The good news is it's pissing down as I look through my study window, and the forecast says it'll carry on for most of the day. Fingers crossed the rain keeps up for a fortnight, and not only will we not have to go to stand pipes later in the summer for our water but - far more importantly - that bore of all bores will be abandoned as a washout.

If only. Instead, we'll have to suffer two weeks of non-stop coverage of the sport for people who don't like sport. What a giant yawn Wimbledon is.

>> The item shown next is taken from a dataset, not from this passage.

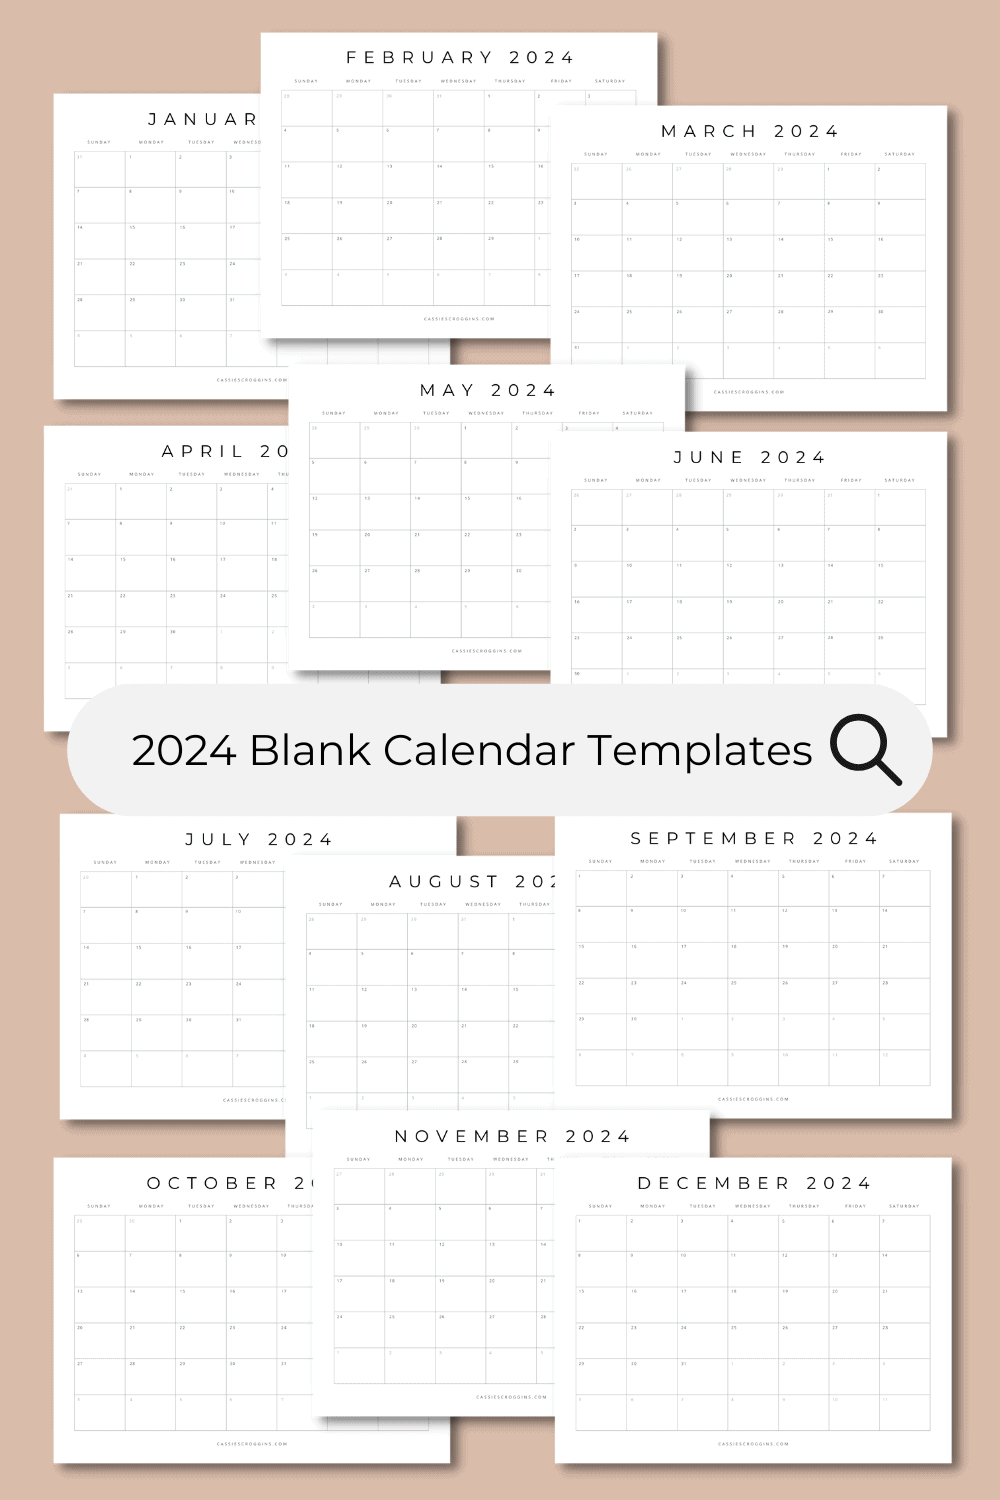 Free Printable 2024 Blank Calendar Templates (All 12 Months) | Free Printable Lined Monthly Calendar 2024

(And by the way, I know how enraged my making this point makes tennis fanatics. So please feel free to insult me and my views, but keep in mind one thing: I don't care. In fact I positively relish the fact that my contempt for tennis as a so-called sport drives you all mad. So go on - insult me and my view: make my day!)

UPDATE: The comments are wonderful - light the touchpaper and watch the sparks fly!

One commenter implies that my "world-renowned physique" is in some way connected to my dislike of tennis. I wonder if he's the same chap to whom I have referred previously:

The biggest postbag I have ever received, by quite a long margin, was when I was on the Express and I wrote a couple of sentences after Britain had lost in the Davis Cup to the US. My piece was, almost in its entirety:
Who cares? It's only tennis.

The angry letters flooded in. The best was from someone who had clearly gone to a lot of trouble. Using letters that had been cut from newspapers and mags, blackmail style, it simply said:

You hate tennis because you are a fat bastard.

Whilst the latter point was 50 per cent correct, it was of course a non sequitur to associate this with the fact that I consider tennis to be mind-numbingly tedious: the sport for people who don't like sport.

Another commenter however appears slightly over wrought by my having supposedly written about my dislike of New Year's Eve "three years consecutively in The Times". Quite what this has to do with a post about Wimbledon I don't know but, just for the record, it's utter nonsense. I have written about it there once, last December. (I also wrote about it in 2004 in the Mail and in 2003 in the Independent. Unless I am mistaken, they are different newspapers with different readers.)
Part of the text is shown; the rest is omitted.